■ **AVAILABLE DATA**
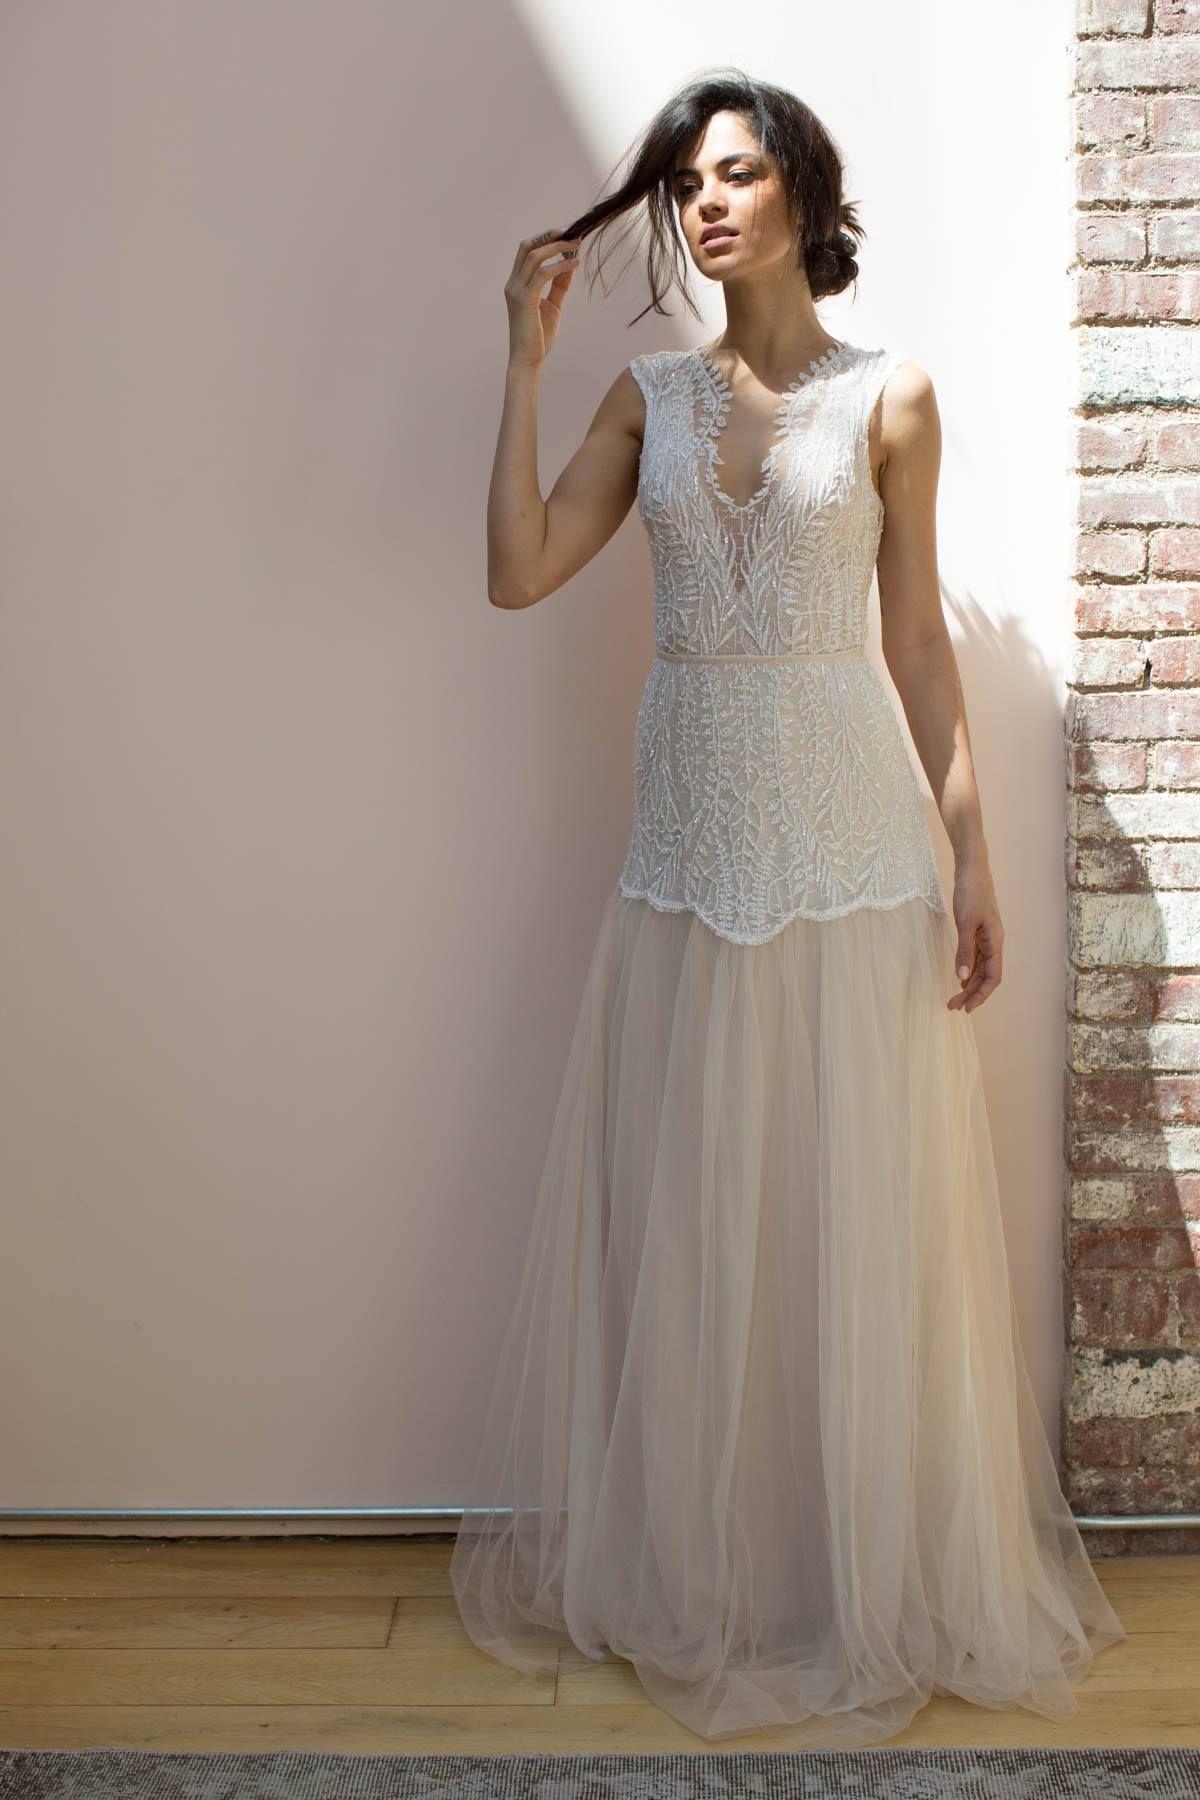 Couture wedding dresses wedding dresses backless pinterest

---

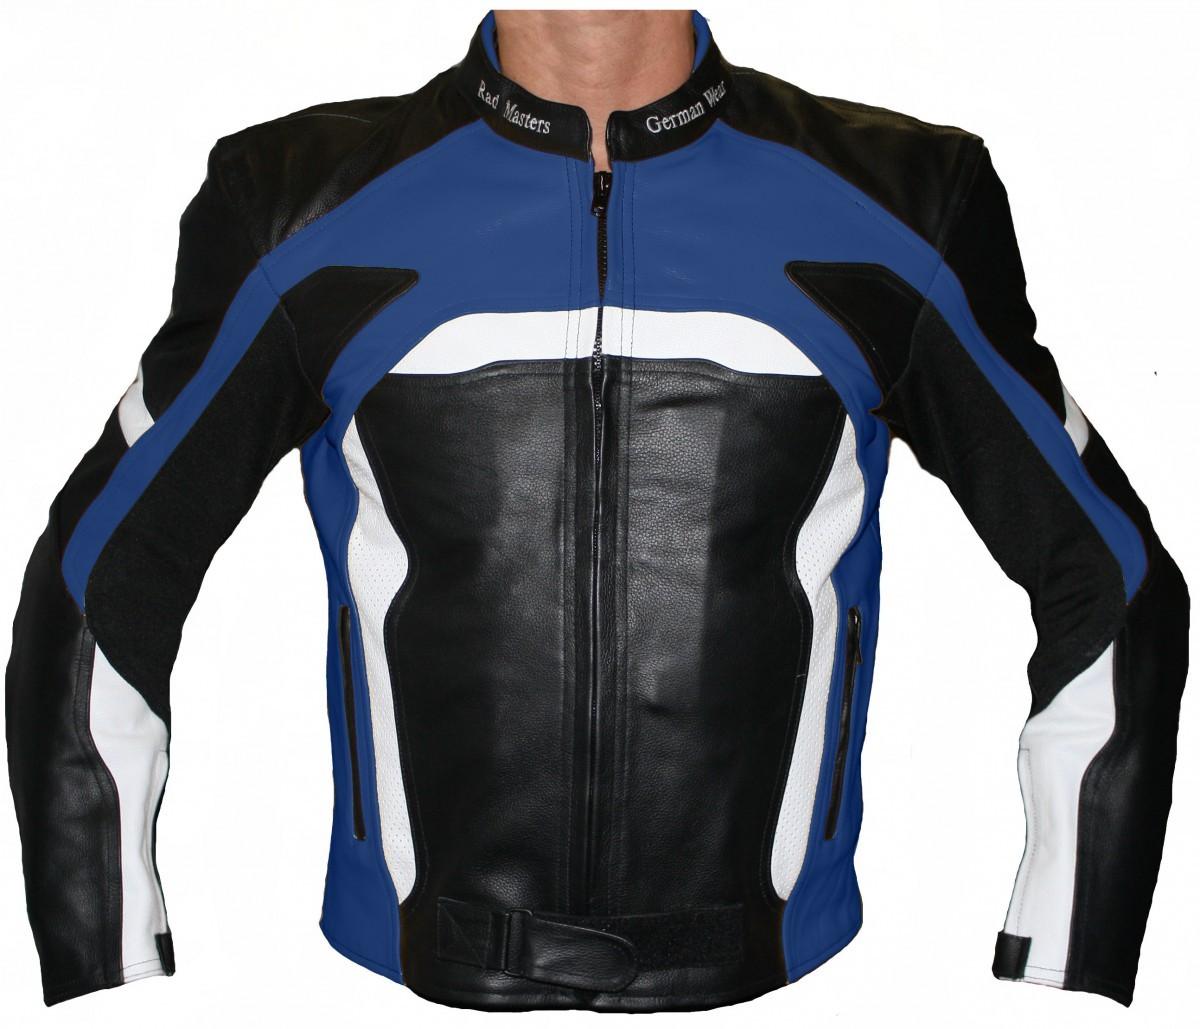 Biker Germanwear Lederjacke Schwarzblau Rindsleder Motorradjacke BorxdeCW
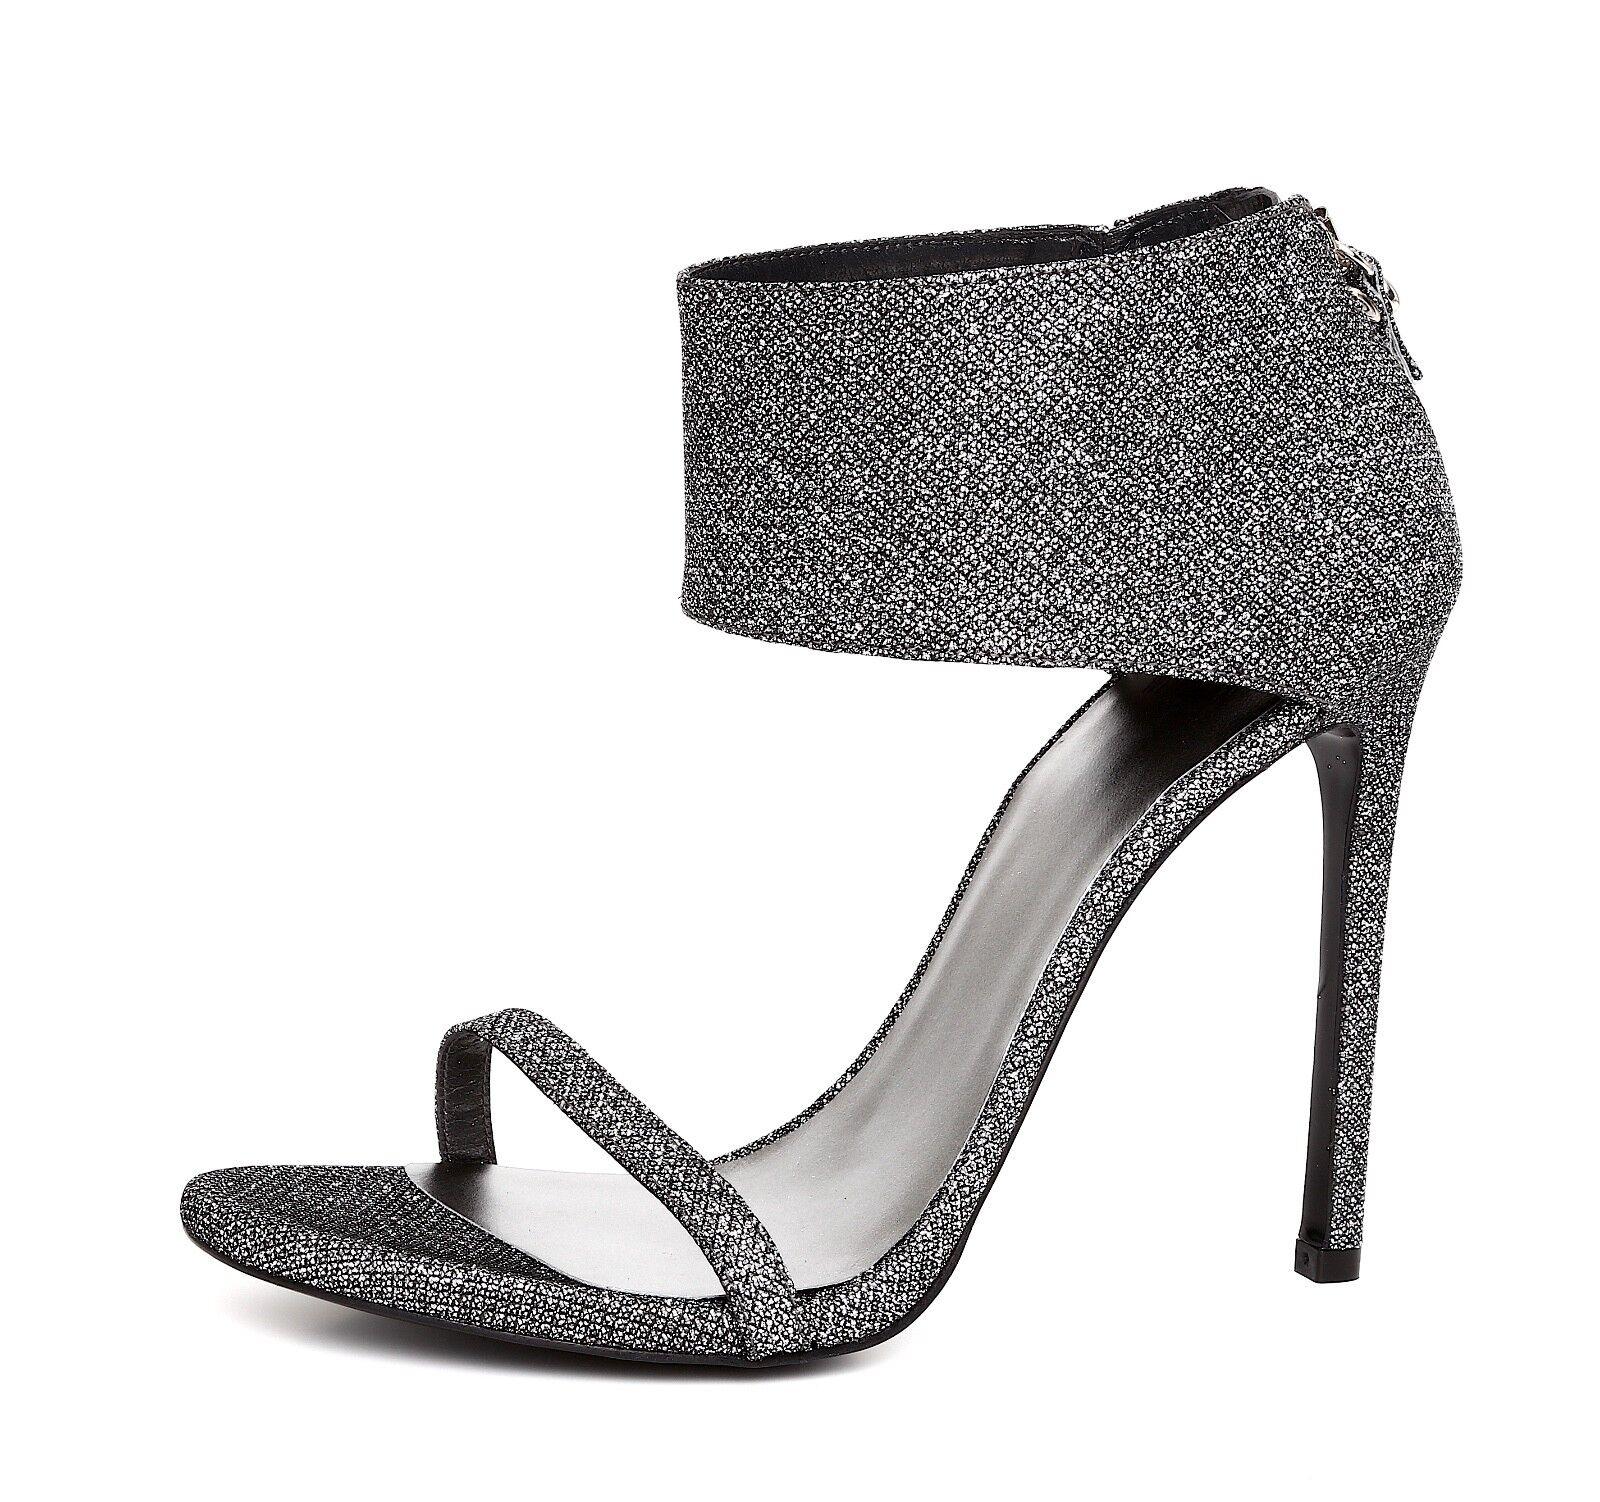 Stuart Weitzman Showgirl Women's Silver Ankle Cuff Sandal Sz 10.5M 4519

■ **INSTRUCTIONS TO FOLLOW**
Print from the line containing "Biker Germanwear Lederjacke" through the line containing "Stuart Weitzman Showgirl" in the data above, exactly as the lines stand, and omit every picture.

■ **TASK OUTPUT**
 Biker Germanwear Lederjacke Schwarzblau Rindsleder Motorradjacke BorxdeCW
 Stuart Weitzman Showgirl Women's Silver Ankle Cuff Sandal Sz 10.5M 4519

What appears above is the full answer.